### [Stored data]
# # # # #
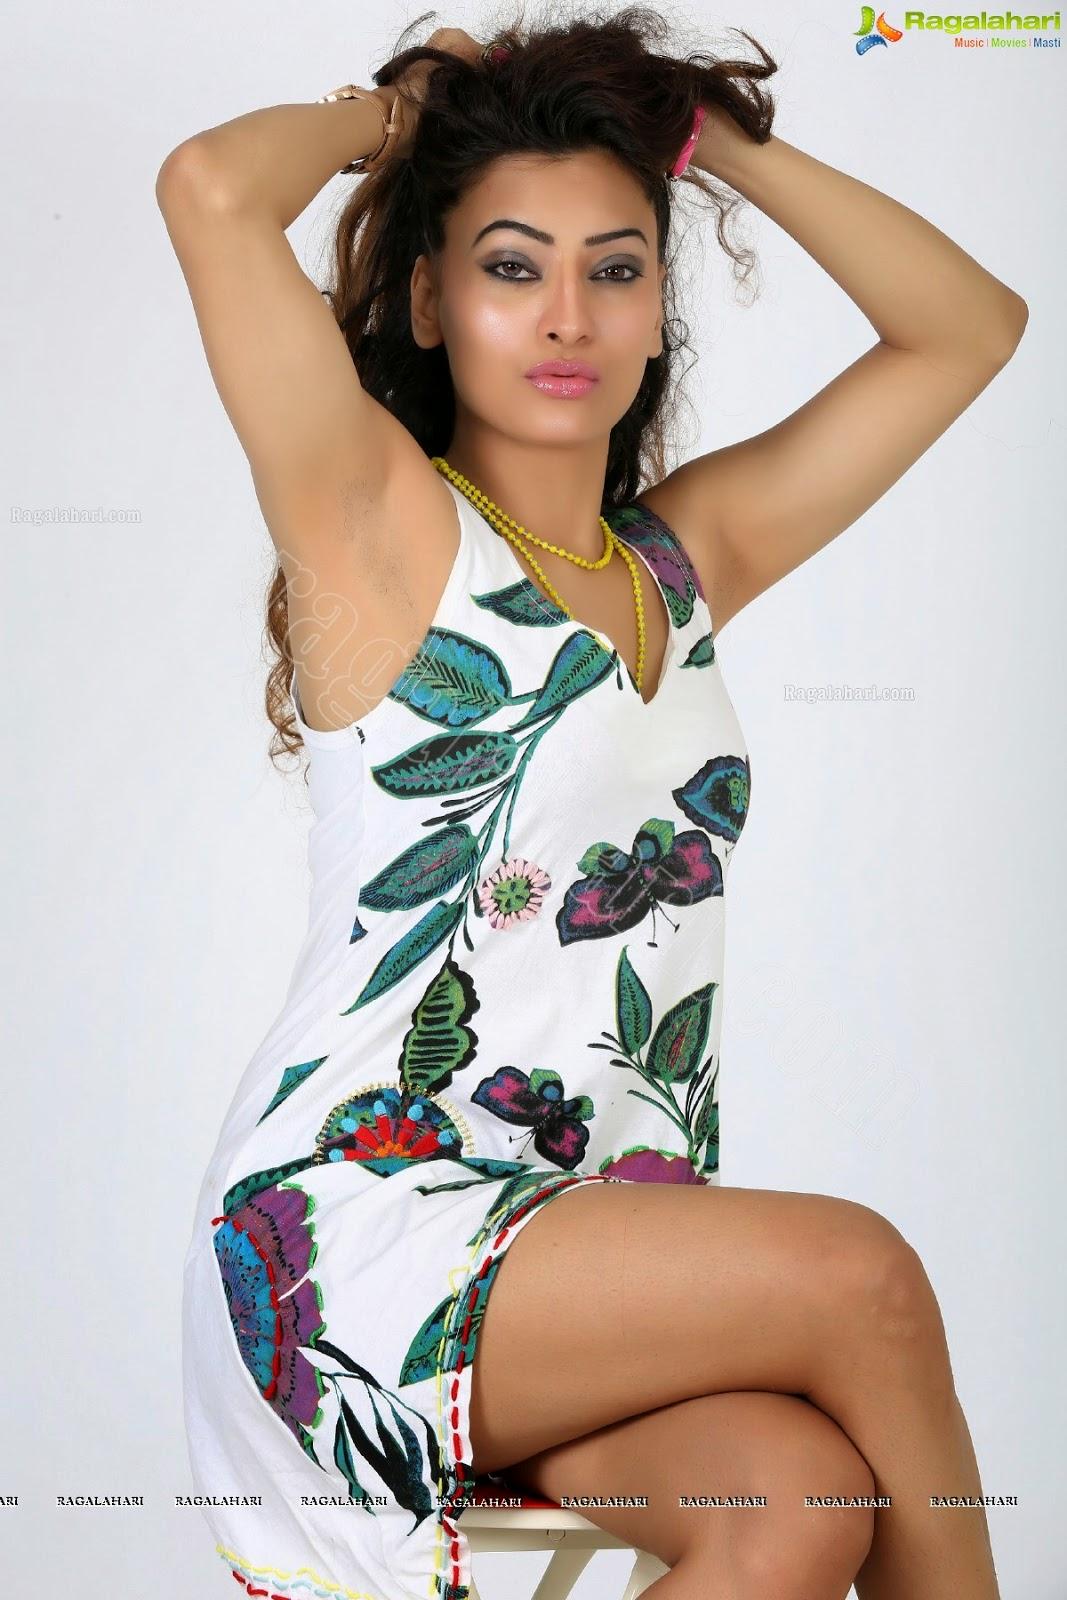 armpitz: Alanki Bakshi stubble LATEST (Her armpits exist for one and ...
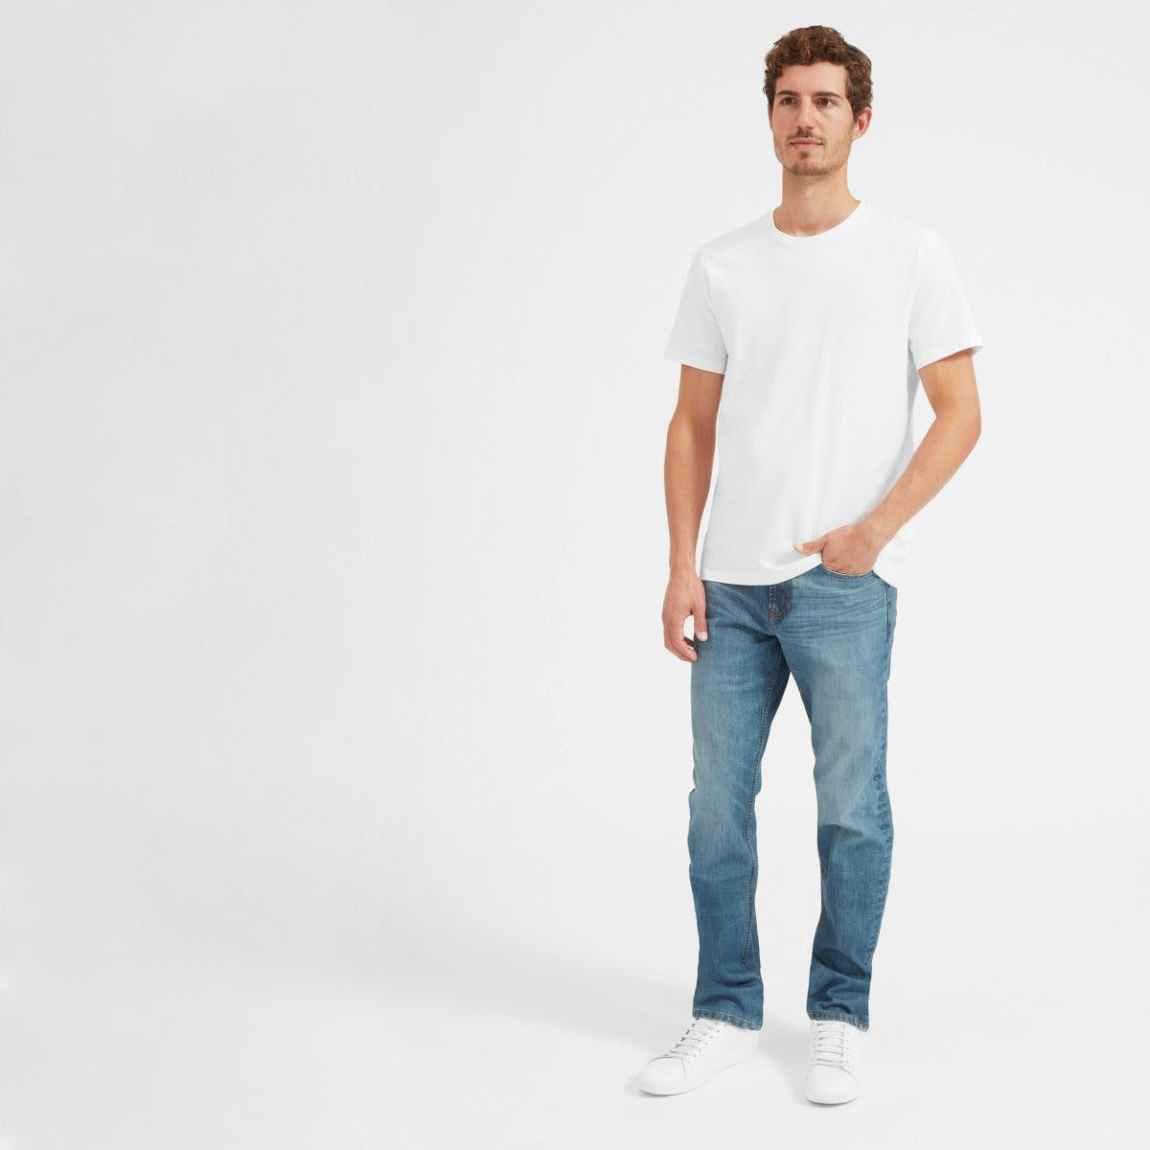 everlane, everlane jeans, everlane denim, japanese denim, straight fit jeans, light washed jeans, denimblog, denim blog
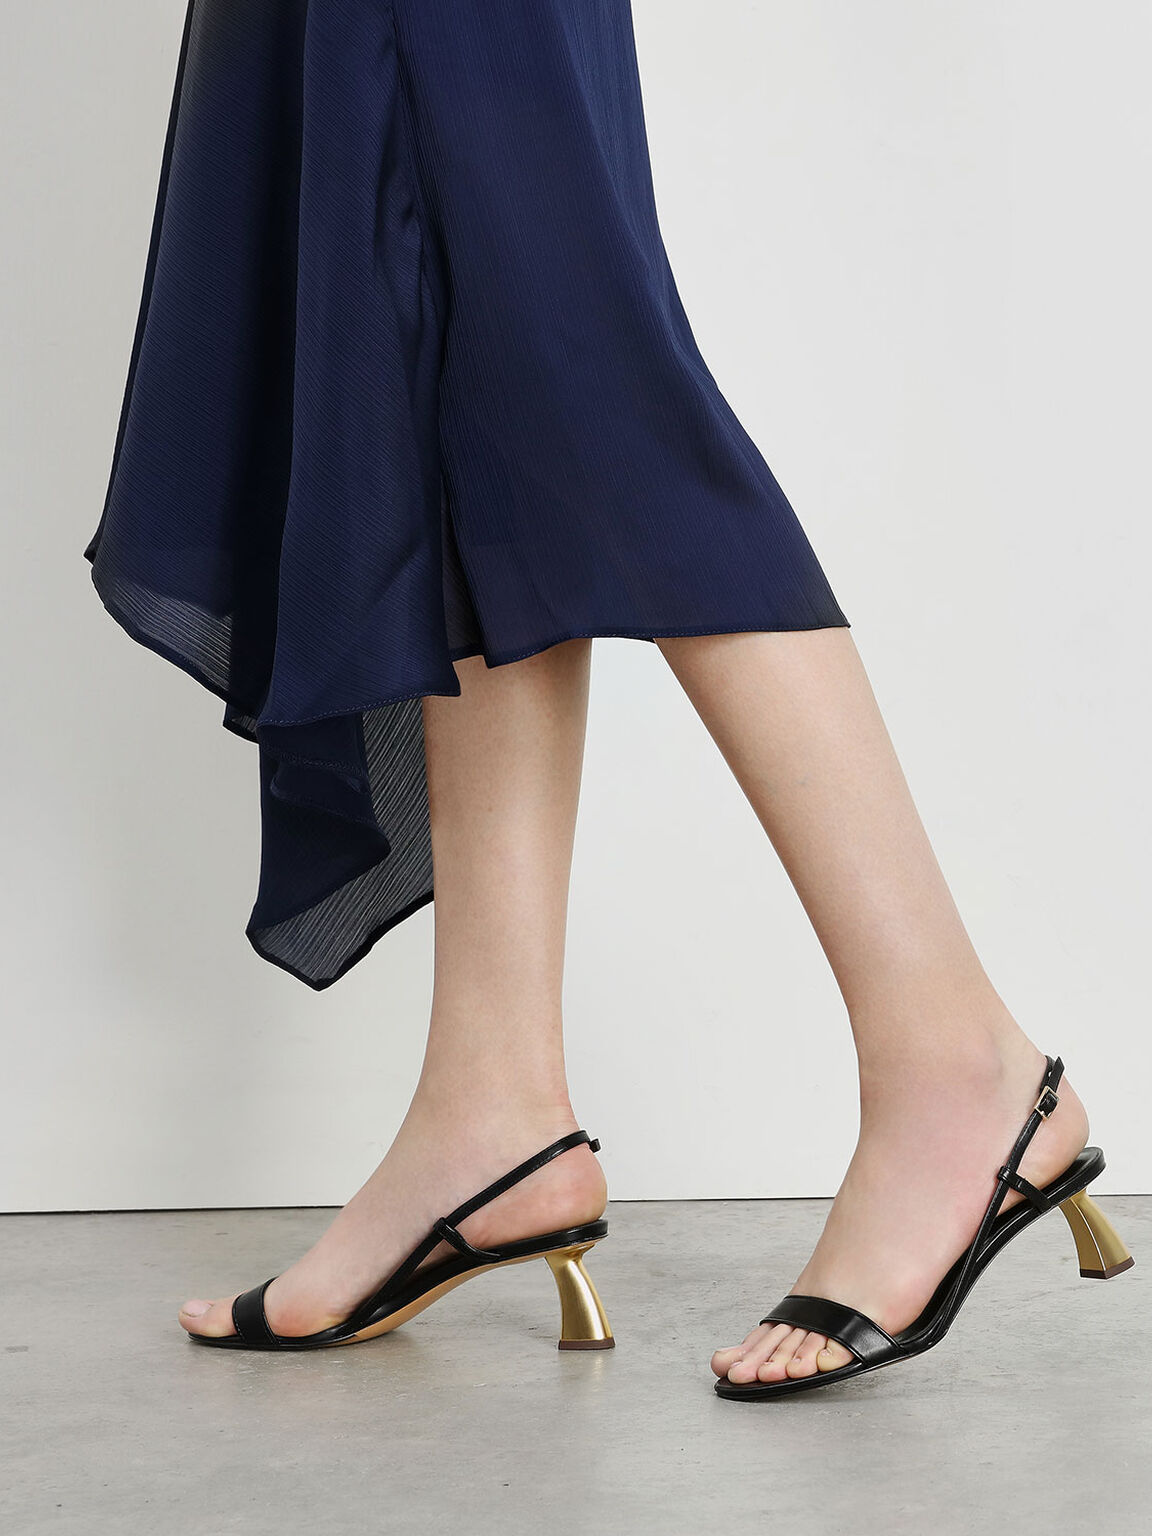 Sculptural Heel Strappy Sandals, Black, hi-res
# # # # #
### [Task item]
With the pictures left out, copy exactly the lines from the one containing "everlane, everlane jeans, everlane" through the last line of the data.

### [Task output]
 everlane, everlane jeans, everlane denim, japanese denim, straight fit jeans, light washed jeans, denimblog, denim blog
 Sculptural Heel Strappy Sandals, Black, hi-res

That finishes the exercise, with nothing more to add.